Der Einsatz von MNP hat seinen Preis: Die Holzschnitzel / MNP-Heizanlage kostet 10 Mio. Fr., ein Gaskessel gleicher Leistung wäre rund für den Drittel dieses Preises zu haben. Eine Million Franken entfallen auf die Sondermassnahmen, die nötig waren, um die Holzheizung mit MNP betreiben zu können. Gegen diese Kosten stehen die unbestrittenen ökologischen Vorteile der neuartigen Biomasse-Heizung. Dank der Anlage spart Coop rund 4000 t CO2 im Jahr. Das Bundesamt für Energie fördert die Biomasse-Heizung im Rahmen seines Pilot- und Demonstrationsprogramms, da hier erstmals MNP zur Erhitzung von Thermooel eingesetzt wird. Solche Feuerungen haben ein breites Anwendungspotential für industrielle Prozesswärme. Staubförmige Biomasse fällt hauptsächlich als Müllereinebenprodukt (MNP) in Getreidemühlen an. Darüber hinaus verwertbar sind aber auch viele andere biogene Reststoffe, wie sie z. B. bei der Ölproduktion und bei der Verarbeitung von Zuckerrüben anfallen. Gemäss einer Studie im Auftrag des BFE würde allein das MNP aus Schweizer Getreidemühlen ausreichen, um theoretisch 100 Anlagen vom Typ Schafisheim (2,5 MW Leistung) betreiben zu können. Bei Nutzung aller landesweit verfügbaren staubförmigen Biomassbrennstoffe liessen sich 1,34 % des Wärmeverbrauchs der Schweiz decken. Somit besteht grundsätzlich die Möglichkeit, eine grosse Zahl ähnlicher Anlagen zur Substitution fossiler Energieträger für hochwertige Prozesswärmeerzeugung zu realisieren. Die Dambach-Mühle der Meyerhans Mühlen AG in Villmergen (AG) setzt ein Gemisch aus Holzschnitzel und MNP schon seit einigen Jahren zur Erzeugung von Prozessdampf ein.
Im Praxistest
Der Einsatz von MNP zur Erzeugung industrieller Prozesswärme ist noch jung. Entsprechend wertvoll ist es, mit der Technologie praktische Erfahrungen zu sammeln. Zu diesem Zweck wird die Anlage in Schafisheim mit einem Messprogramm begleitet, zugleich wird ihr Betrieb optimiert (z. B. maximale Nutzungszeit bei minimalen Verlusten im Glutbettbetrieb). Die beteiligten Forscher wollen unter anderem die Frage klären, ob der angestrebte Anteil von 50 % des Energieanteils mit MNP im Brennstoff tatsächlich erreichbar ist. Je mehr MNP verbrannt wird, desto anspruchsvoller wird nämlich die Reinigung von Wärmetauscher und Feinstaubabscheider. Zu beantworten ist auch die ganz praktische technische Frage, ob sich das Mischungsverhältnis von Holzschnitzeln und MNP exakt steuern lässt. Eine weitere Herausforderung des Pilotbetriebs betrifft den Wassergehalt der Holzschnitzel: In konventionellen Holzheizungen beträgt dieser 30 bis 35 %, in Schafisheim hingegen 45 bis 60 %. Die hohe Feuchtigkeit reduziert die Staubentwicklung der trockenen MNP und unterstützt so die optimale Verbrennung.

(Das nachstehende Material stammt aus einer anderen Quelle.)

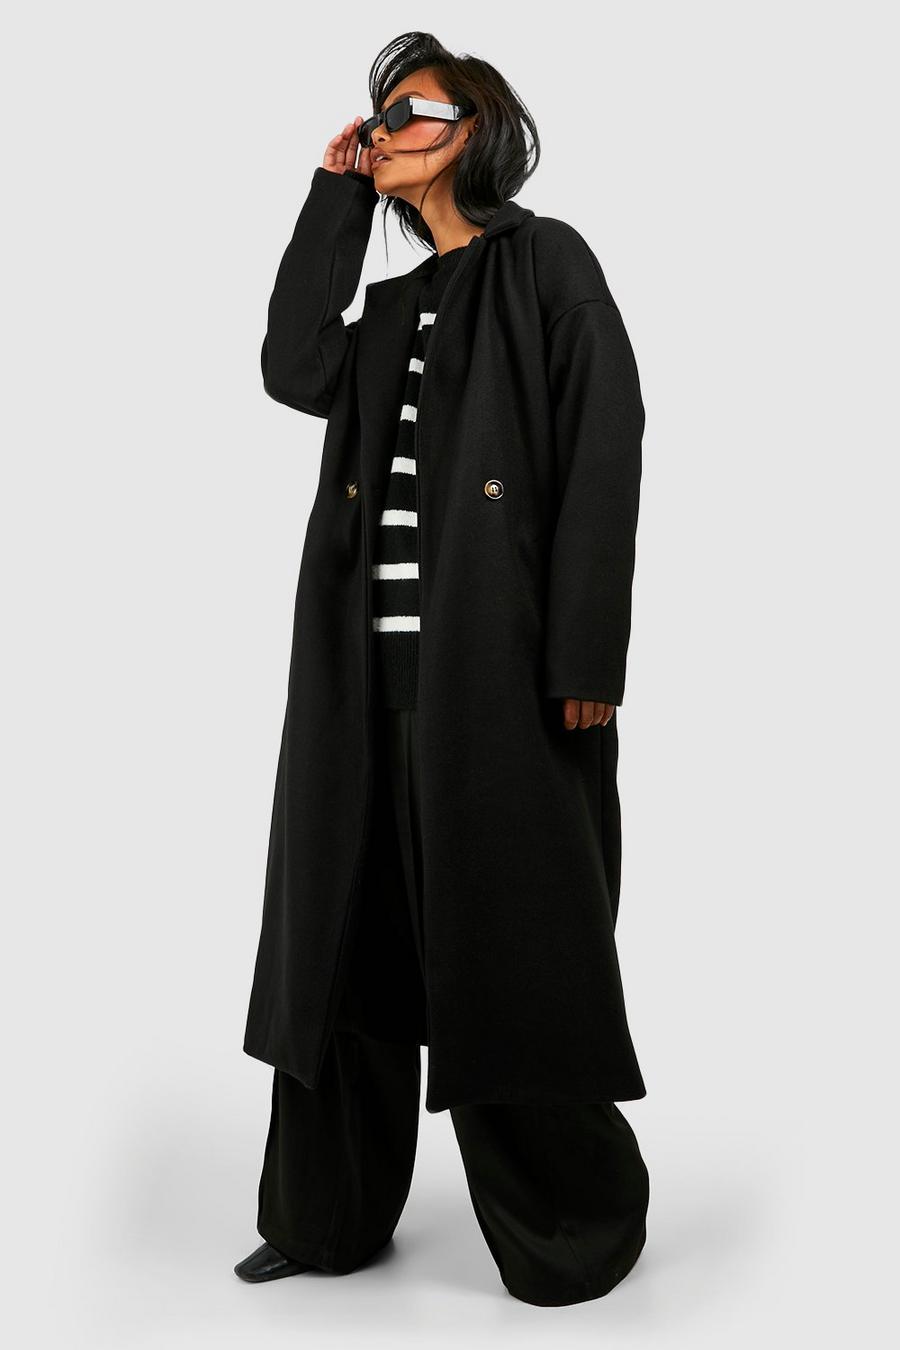 Zweireihiger Mantel in Wolloptik mit Gürtel, Black

Die Erfahrungen mit der Anlage in Schafisheim werden die Voraussetzung schaffen, um Feuerungen mit MNP auch für andere industrielle Prozesse einzusetzen. «Diese Technologie hat einen doppelten Reiz», sagt Daniel Binggeli, Fachspezialist für erneuerbare Energien beim BFE: «Zum einen lässt sich durch Nutzung eines biogenen Energieträgers der CO2-Ausstoss gegenüber fossilen Feuerungen markant senken. Zum anderen können die eigenen Abfallprodukte verwendet werden.»